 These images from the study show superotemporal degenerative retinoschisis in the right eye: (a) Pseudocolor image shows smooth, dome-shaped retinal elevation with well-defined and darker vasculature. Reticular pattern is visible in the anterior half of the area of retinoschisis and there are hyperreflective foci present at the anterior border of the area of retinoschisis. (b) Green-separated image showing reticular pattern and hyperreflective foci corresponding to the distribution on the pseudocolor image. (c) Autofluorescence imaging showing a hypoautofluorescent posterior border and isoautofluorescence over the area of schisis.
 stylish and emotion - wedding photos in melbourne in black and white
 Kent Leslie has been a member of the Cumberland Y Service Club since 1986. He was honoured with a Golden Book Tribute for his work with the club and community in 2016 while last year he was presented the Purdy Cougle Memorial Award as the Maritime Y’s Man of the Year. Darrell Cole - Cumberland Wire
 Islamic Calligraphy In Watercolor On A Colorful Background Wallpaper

# Instructions for the task
Using the material above, please reproduce each line exactly.

# Answer box
 These images from the study show superotemporal degenerative retinoschisis in the right eye: (a) Pseudocolor image shows smooth, dome-shaped retinal elevation with well-defined and darker vasculature. Reticular pattern is visible in the anterior half of the area of retinoschisis and there are hyperreflective foci present at the anterior border of the area of retinoschisis. (b) Green-separated image showing reticular pattern and hyperreflective foci corresponding to the distribution on the pseudocolor image. (c) Autofluorescence imaging showing a hypoautofluorescent posterior border and isoautofluorescence over the area of schisis.
 stylish and emotion - wedding photos in melbourne in black and white
 Kent Leslie has been a member of the Cumberland Y Service Club since 1986. He was honoured with a Golden Book Tribute for his work with the club and community in 2016 while last year he was presented the Purdy Cougle Memorial Award as the Maritime Y’s Man of the Year. Darrell Cole - Cumberland Wire
 Islamic Calligraphy In Watercolor On A Colorful Background Wallpaper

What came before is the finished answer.